WHAT TO DO:
A verbatim repeat of the lines below is required, with the pictures removed.

::: DATA SHOWN :::

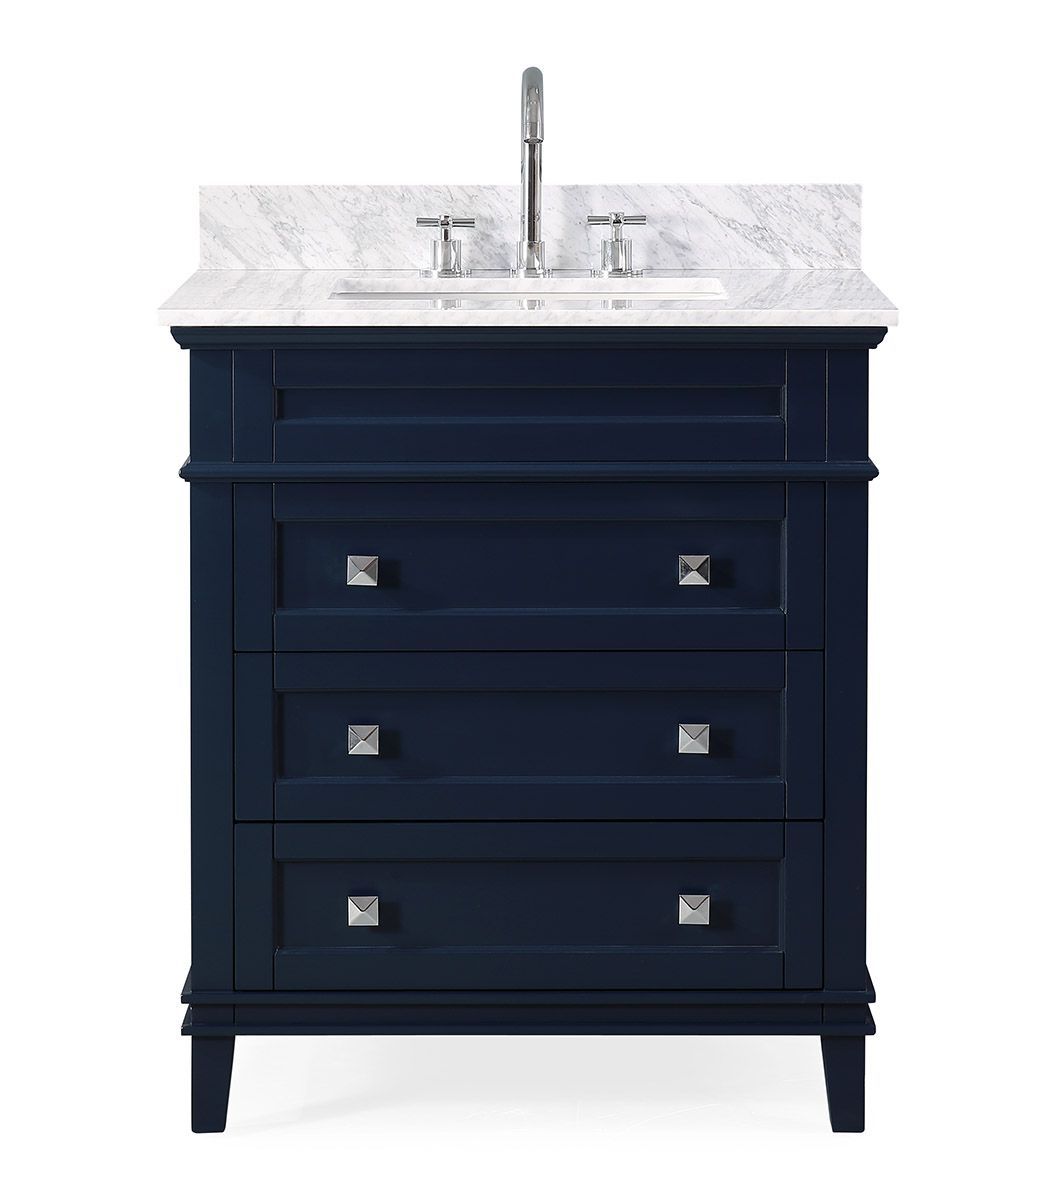 30" Contemporary Single Sink Navy Blue Bathroom Vanity with Italian Carrara Marble Countertop
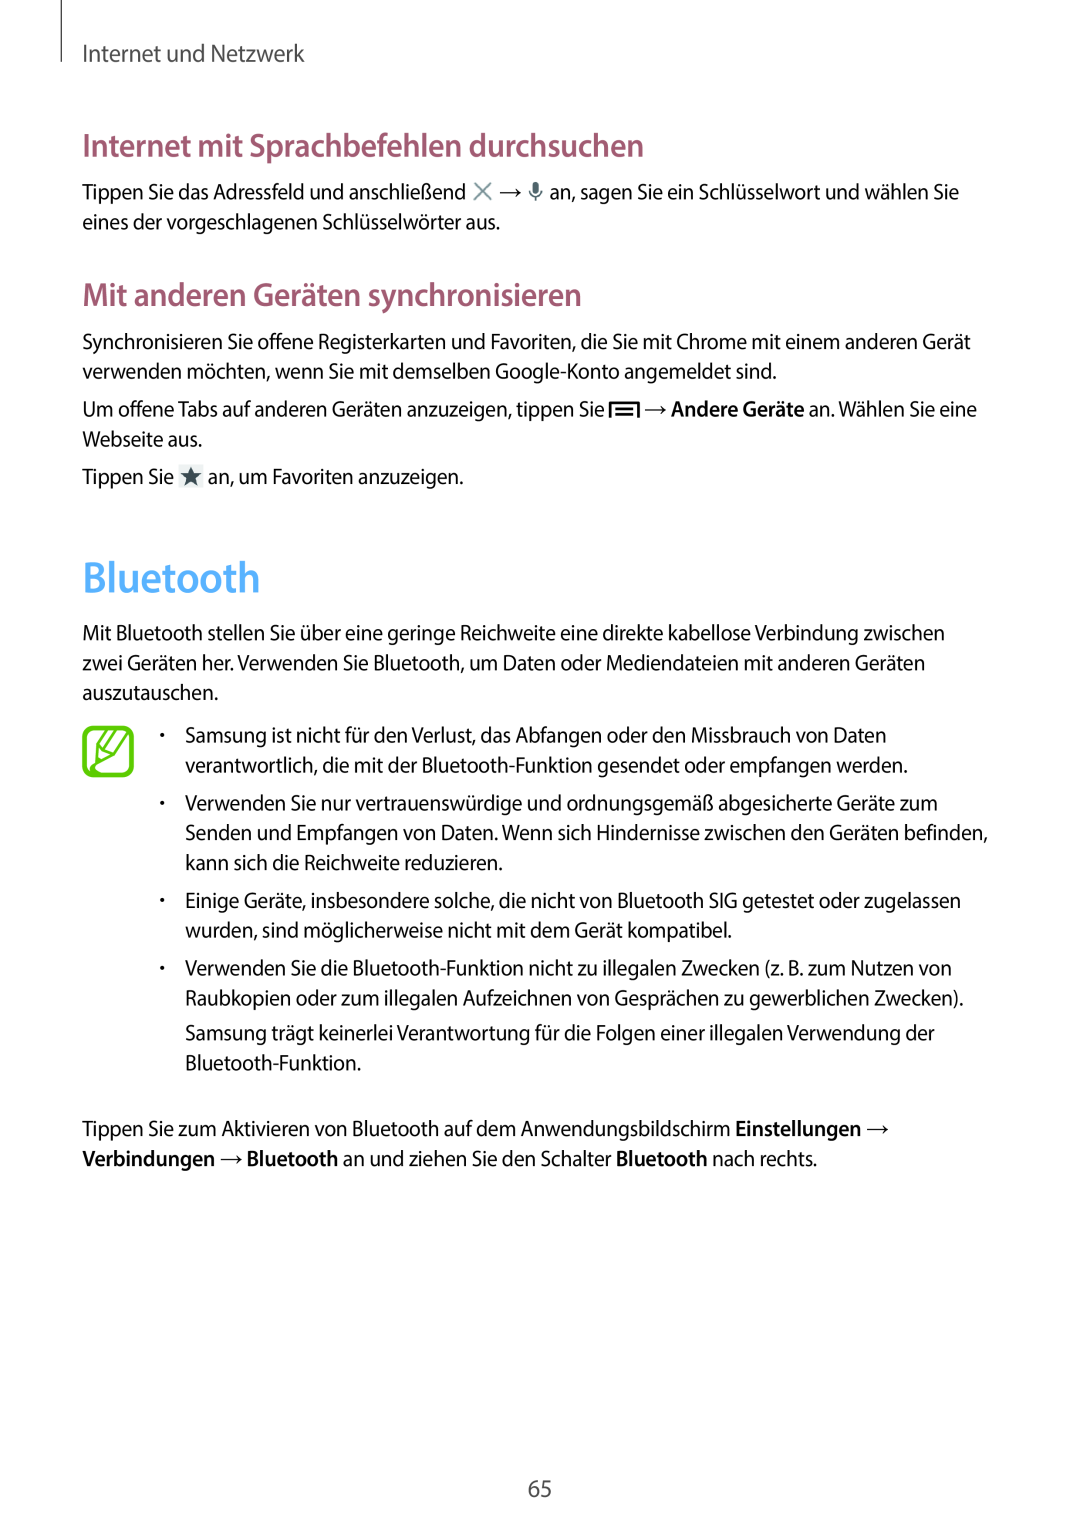 Samsung SM-C1010ZKADBT manual Bluetooth, Mit anderen Geräten synchronisieren, Internet mit Sprachbefehlen durchsuchen 
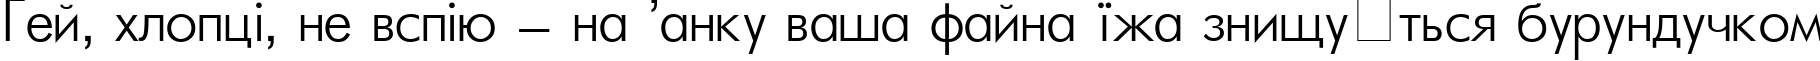 Пример написания шрифтом FuturaLight Light текста на украинском

:::

RESPONSE BELOW:
 30" Contemporary Single Sink Navy Blue Bathroom Vanity with Italian Carrara Marble Countertop
 Samsung SM-C1010ZKADBT manual Bluetooth, Mit anderen Geräten synchronisieren, Internet mit Sprachbefehlen durchsuchen 
 Пример написания шрифтом FuturaLight Light текста на украинском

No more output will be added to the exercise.